• _Directions_:
Please set down each of the lines below once more, exactly, omitting all pictures.

• _Provided material_:

== Segment start ==

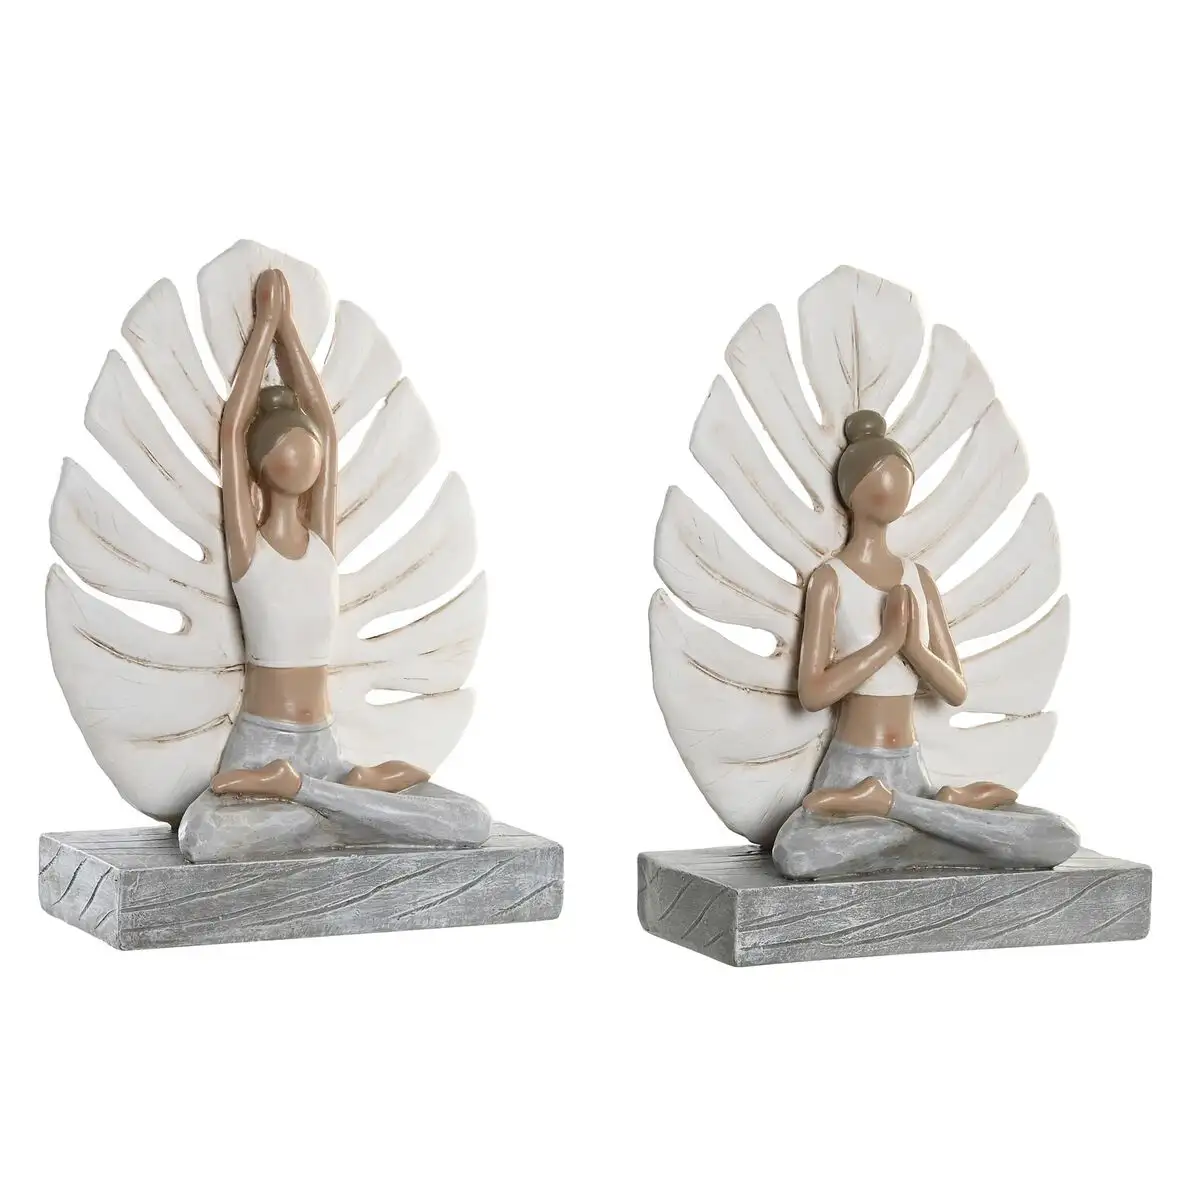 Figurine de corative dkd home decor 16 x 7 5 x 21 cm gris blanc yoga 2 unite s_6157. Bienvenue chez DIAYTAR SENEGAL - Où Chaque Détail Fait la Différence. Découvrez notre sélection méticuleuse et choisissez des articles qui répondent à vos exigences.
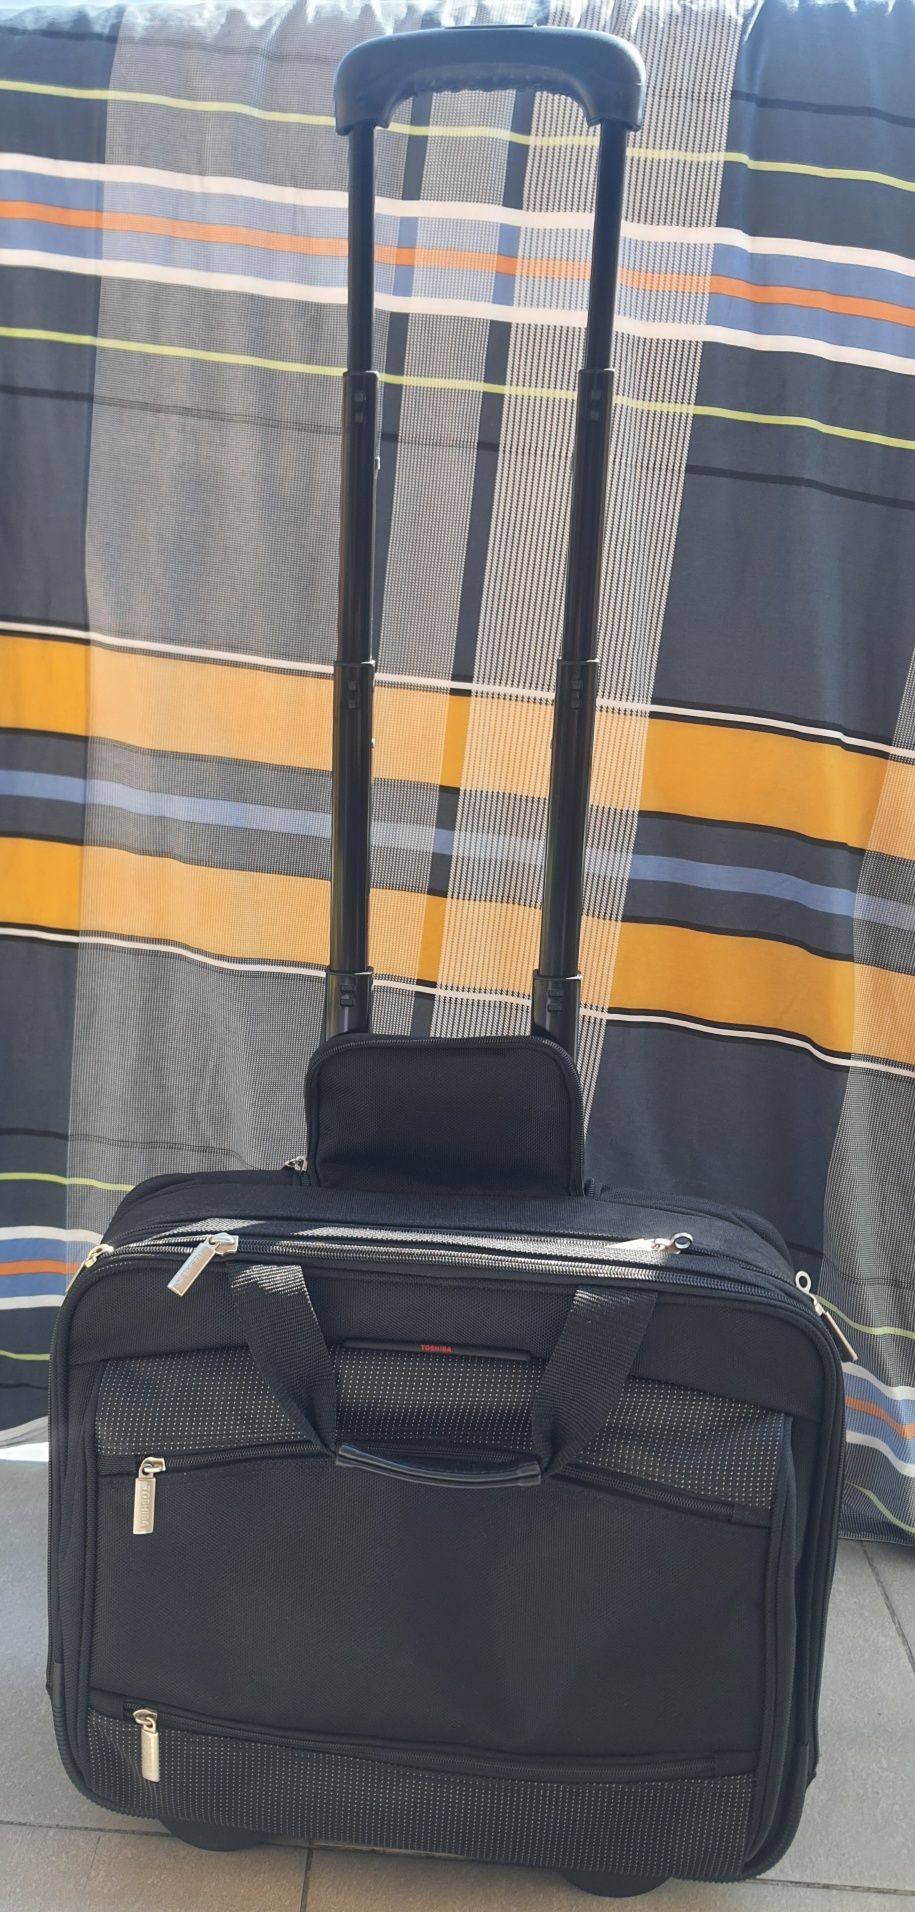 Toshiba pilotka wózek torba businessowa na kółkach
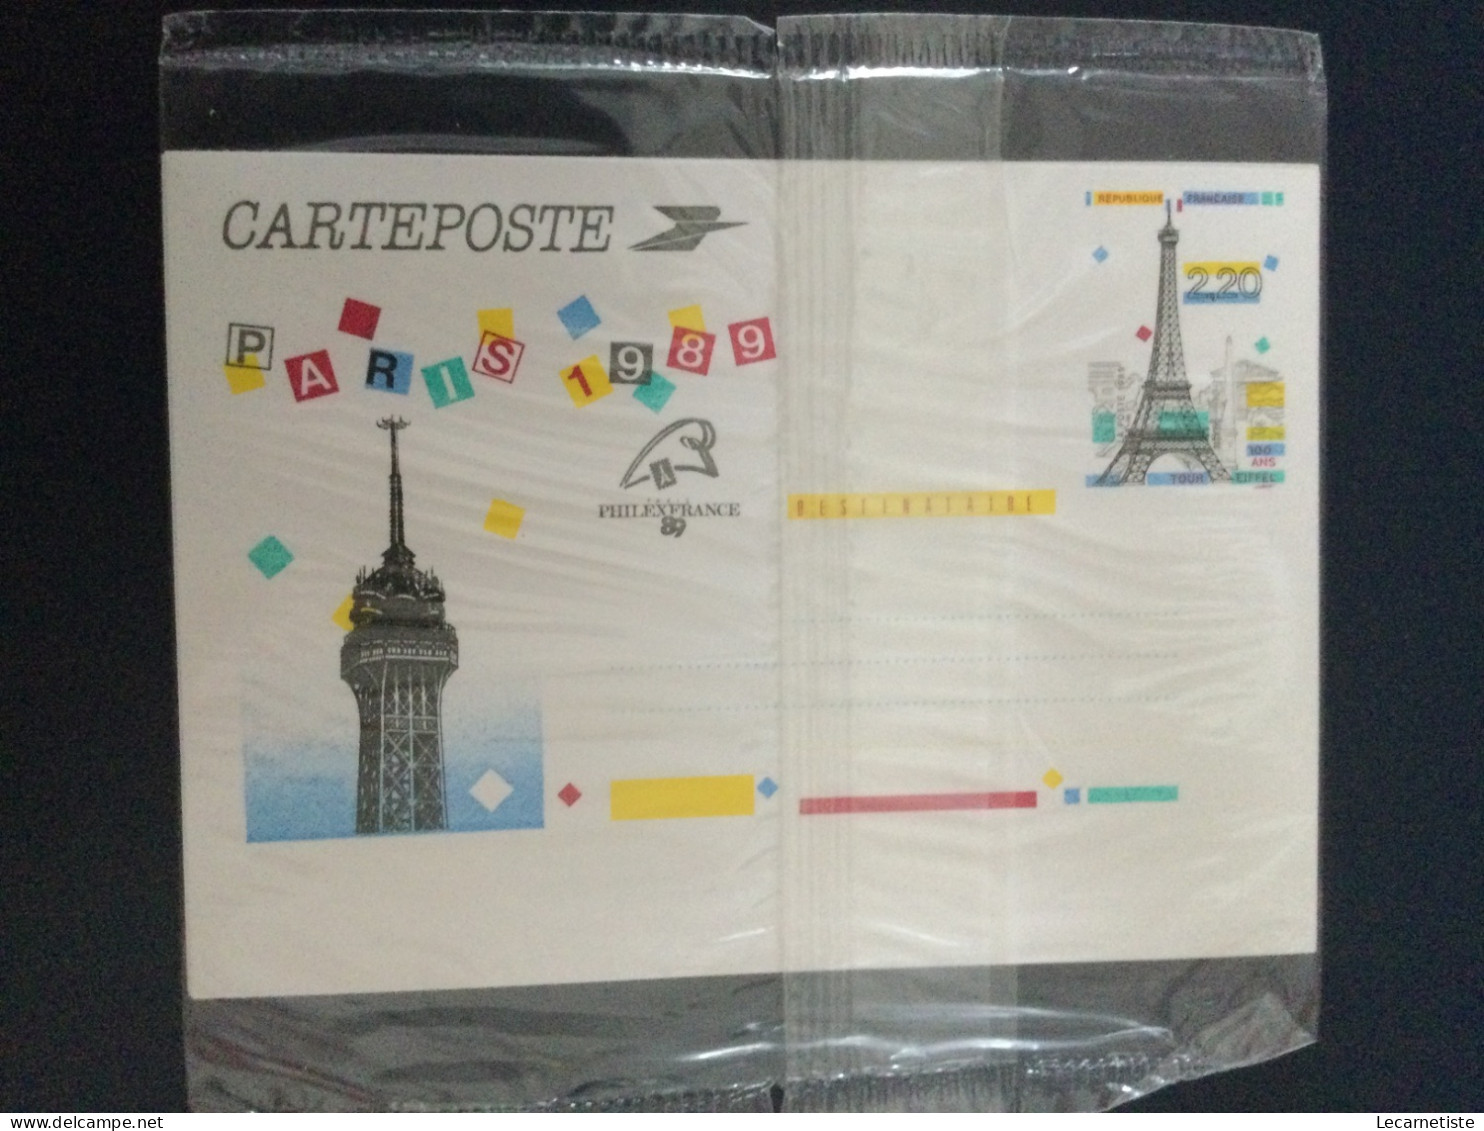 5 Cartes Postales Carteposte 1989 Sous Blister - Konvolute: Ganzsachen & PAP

== Segment end ==

• _Exercise answer_:
 Figurine de corative dkd home decor 16 x 7 5 x 21 cm gris blanc yoga 2 unite s_6157. Bienvenue chez DIAYTAR SENEGAL - Où Chaque Détail Fait la Différence. Découvrez notre sélection méticuleuse et choisissez des articles qui répondent à vos exigences.
 Toshiba pilotka wózek torba businessowa na kółkach
 5 Cartes Postales Carteposte 1989 Sous Blister - Konvolute: Ganzsachen & PAP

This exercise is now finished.